#### [Your objective]
Below are some entries. Transcribe the lines from the one holding "Hand pressing remote" to the one holding "Ariat Heritage Jeans (For Men) - Save 66%", inclusive, but not the pictures among them.

#### [Source information]
+===+
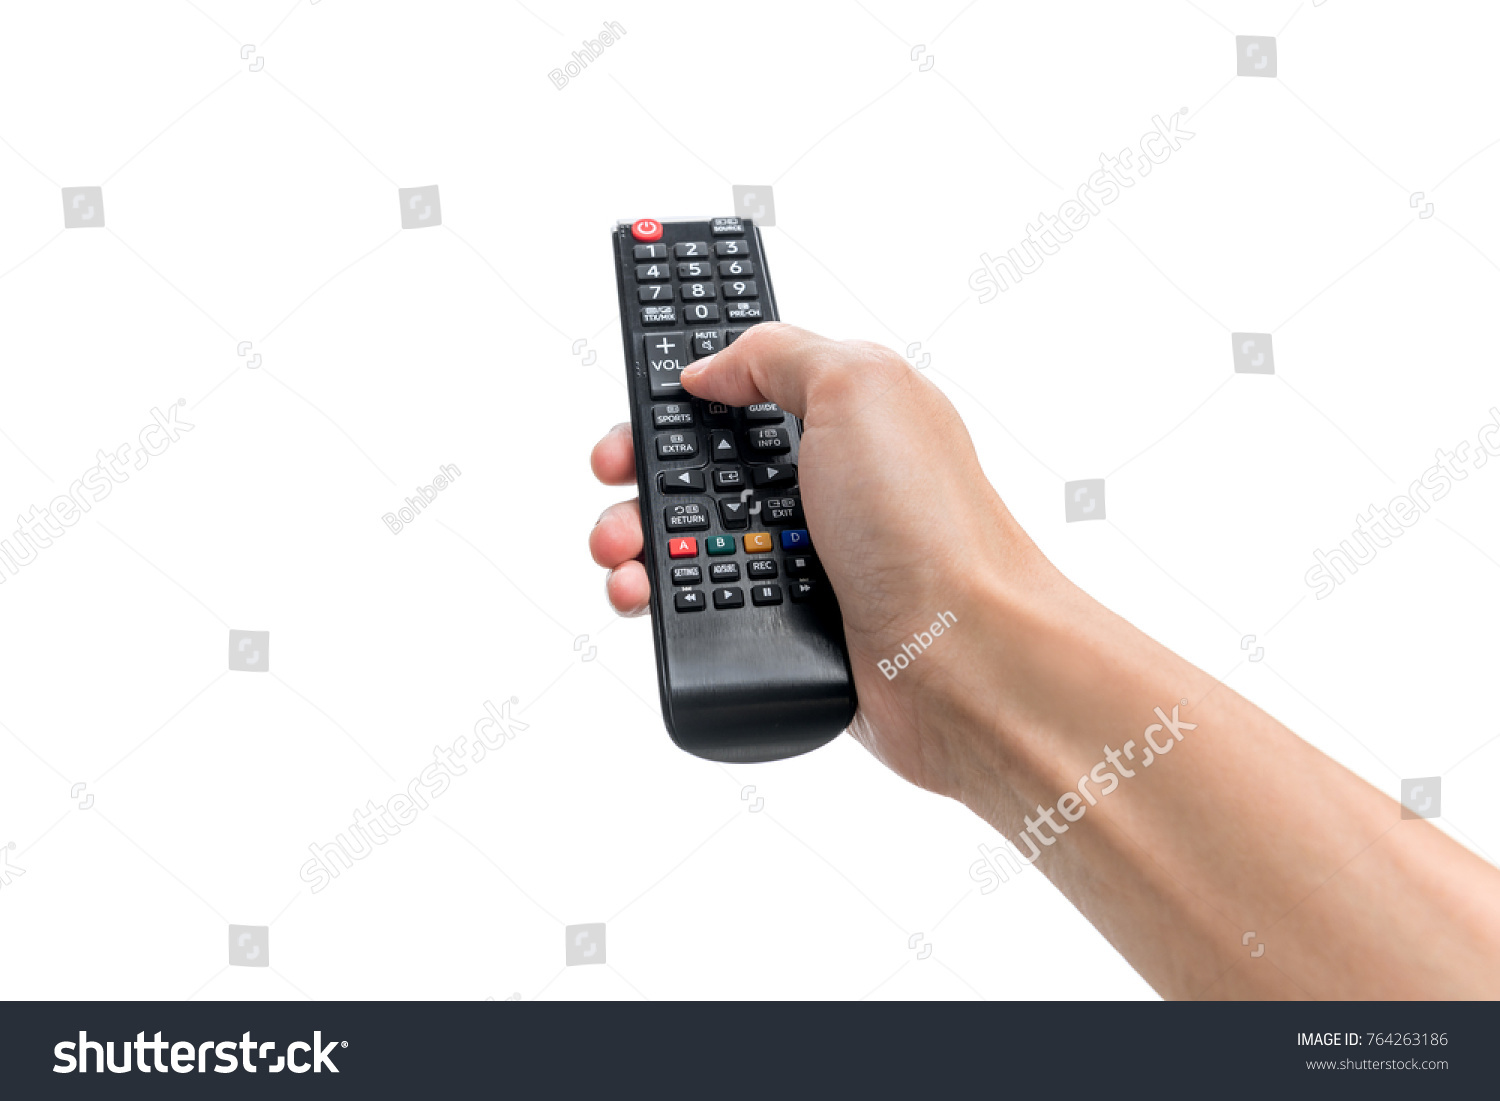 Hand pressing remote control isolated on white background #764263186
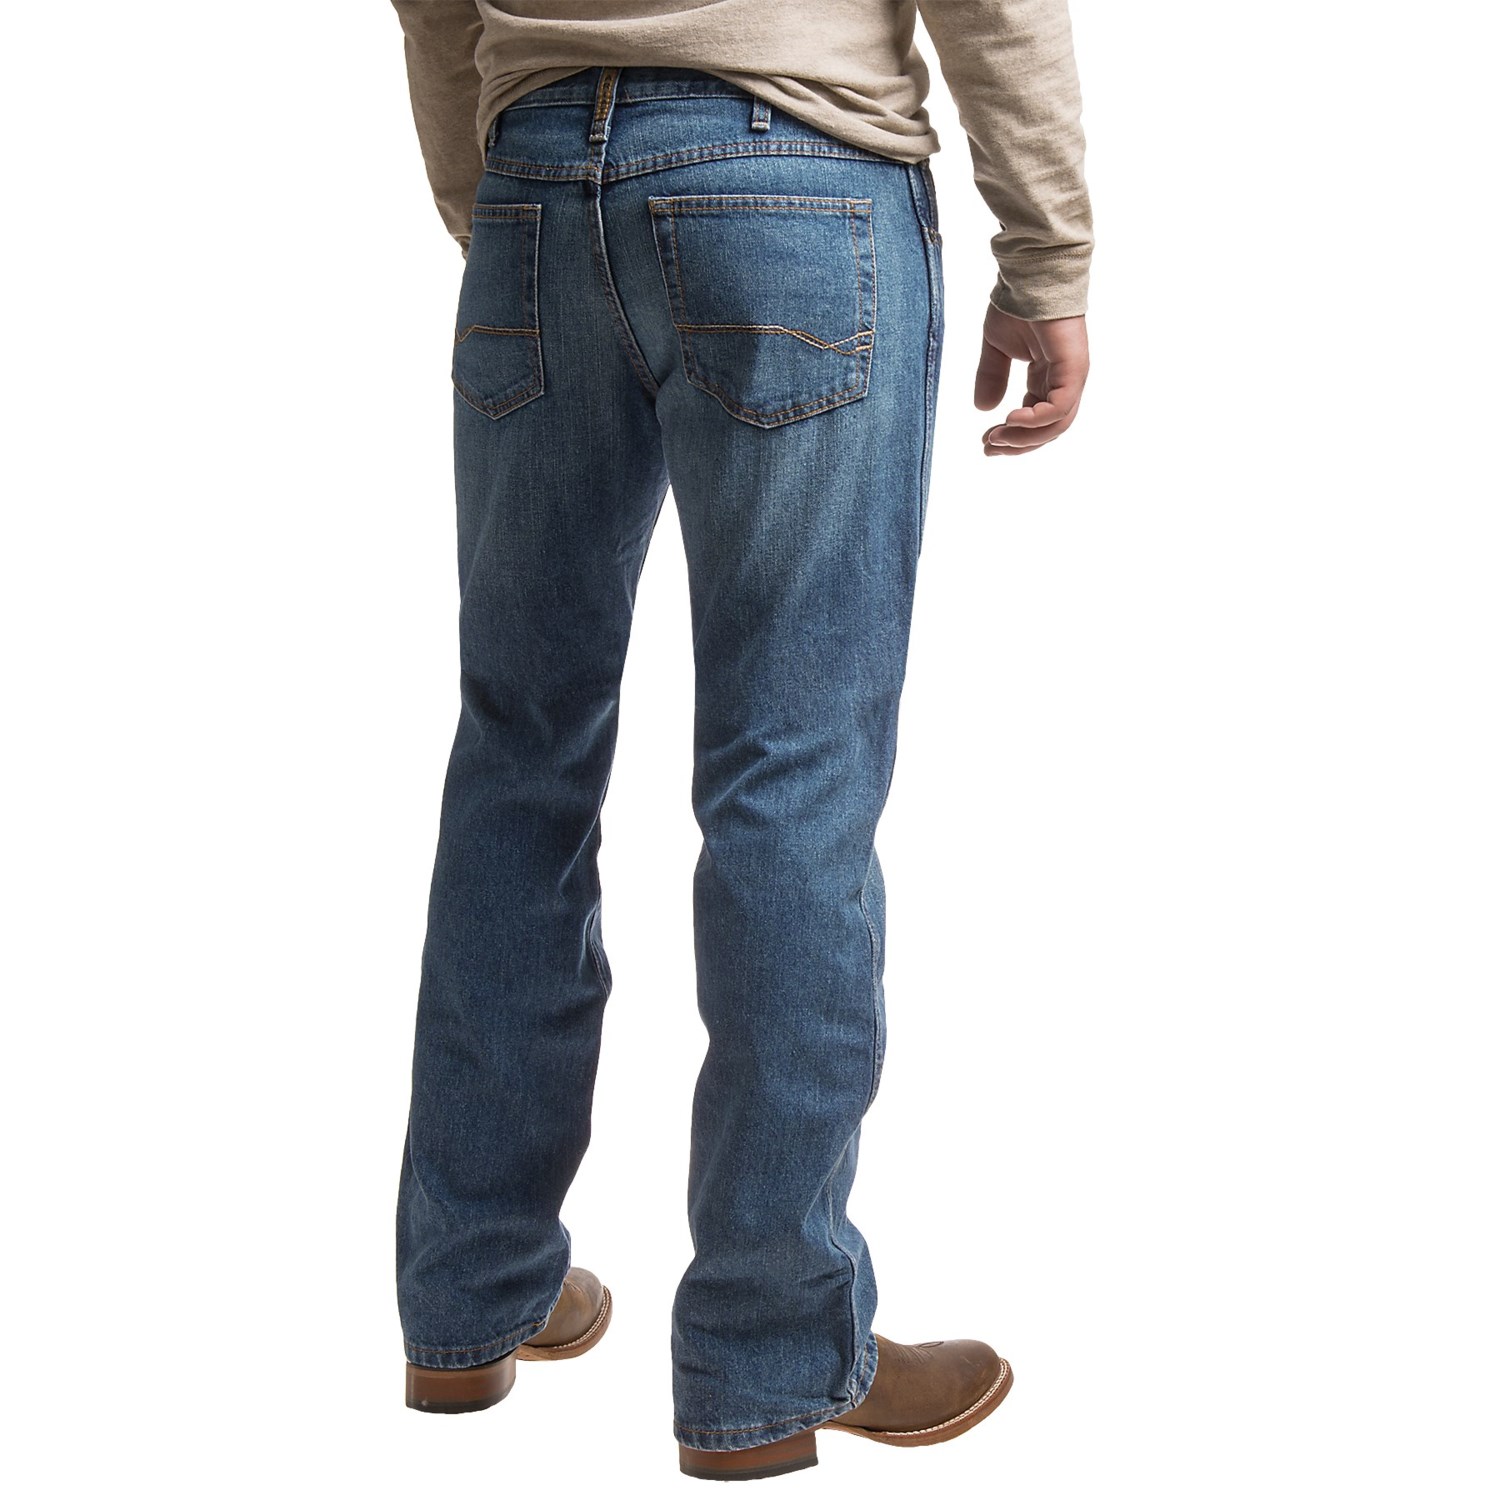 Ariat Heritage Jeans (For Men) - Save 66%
+===+
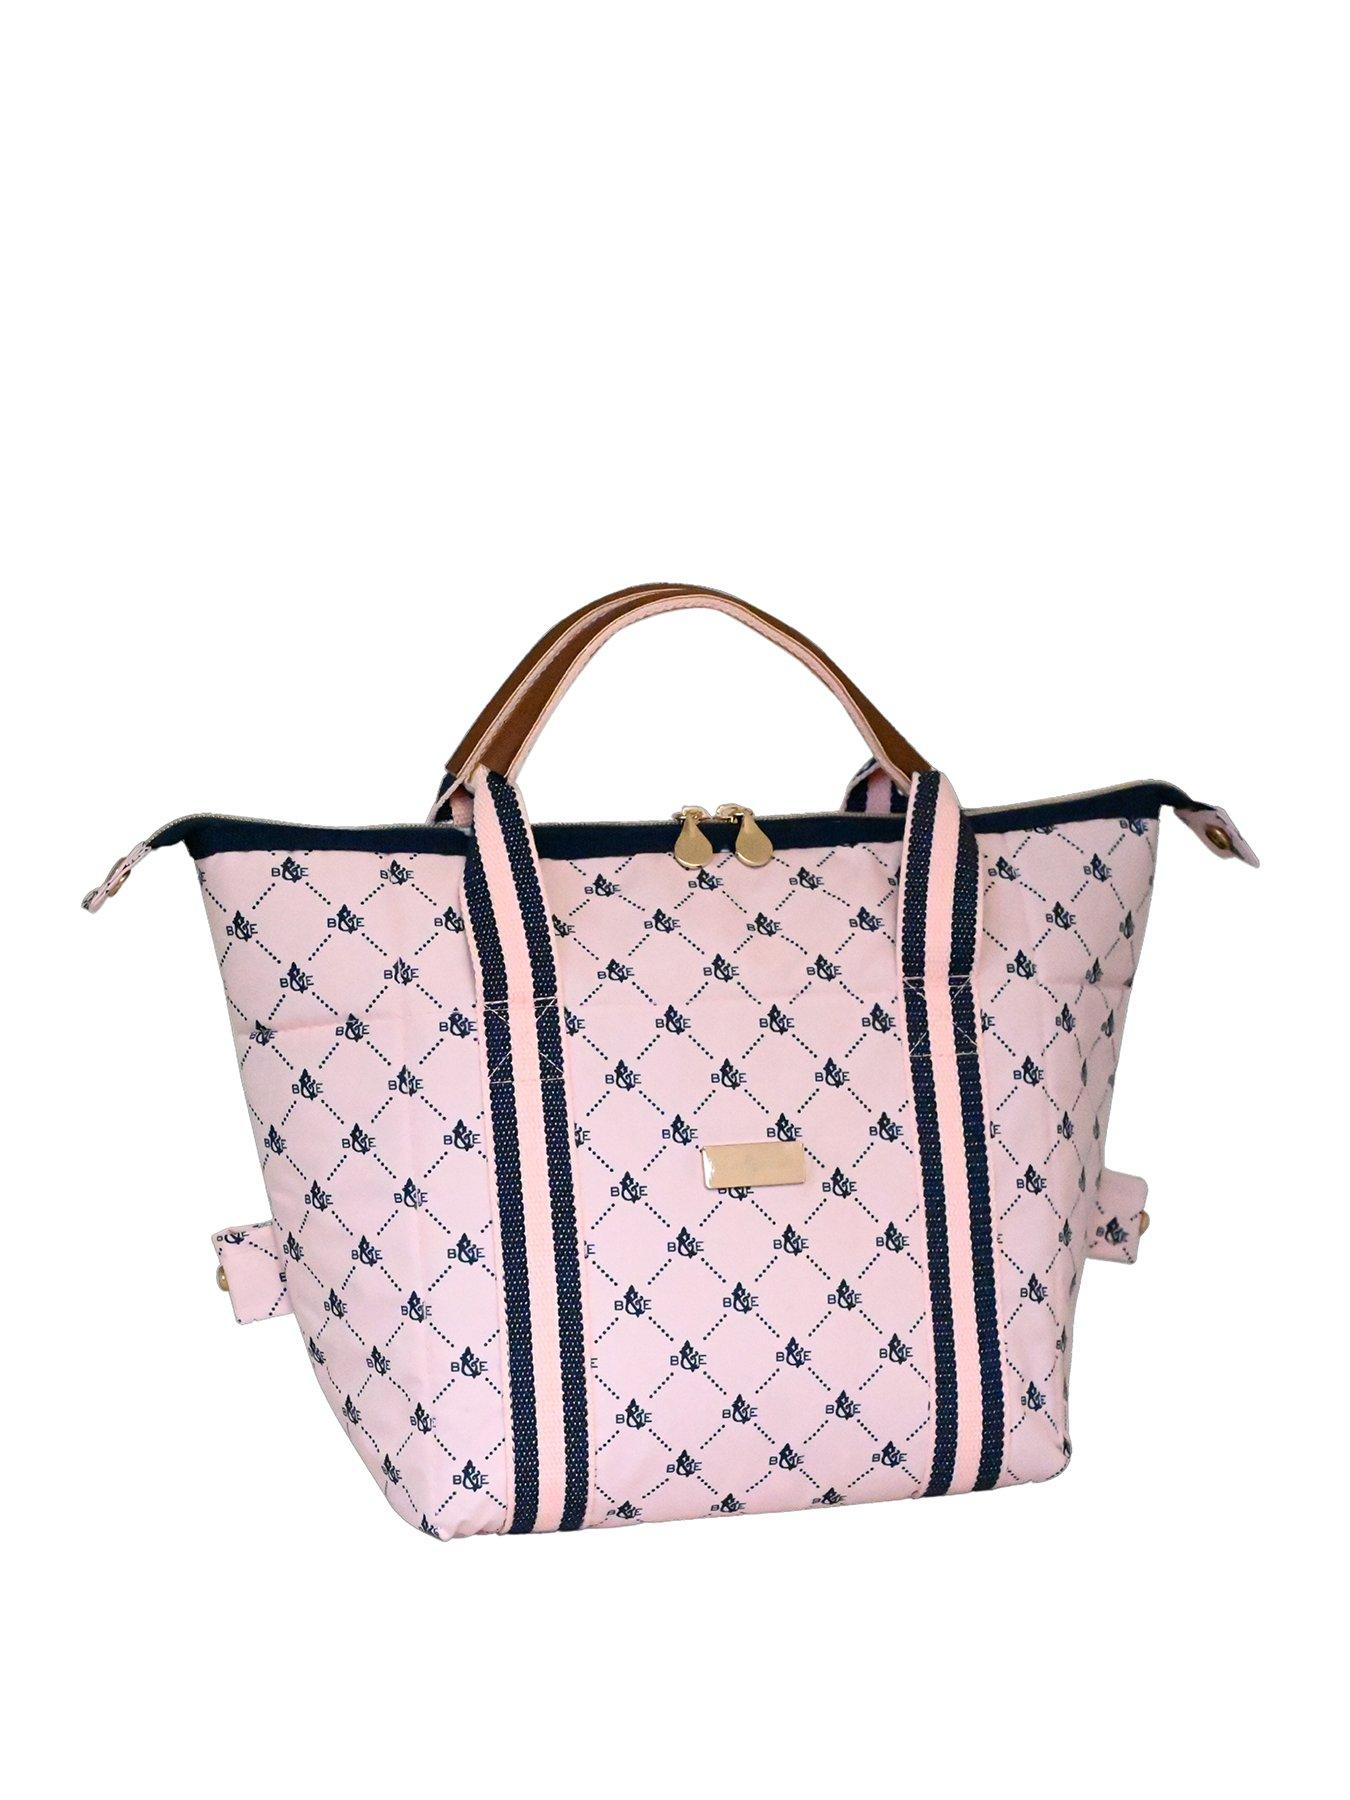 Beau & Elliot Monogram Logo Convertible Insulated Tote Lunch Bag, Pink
+===+
#### [Response to the task]
 Hand pressing remote control isolated on white background #764263186
 Ariat Heritage Jeans (For Men) - Save 66%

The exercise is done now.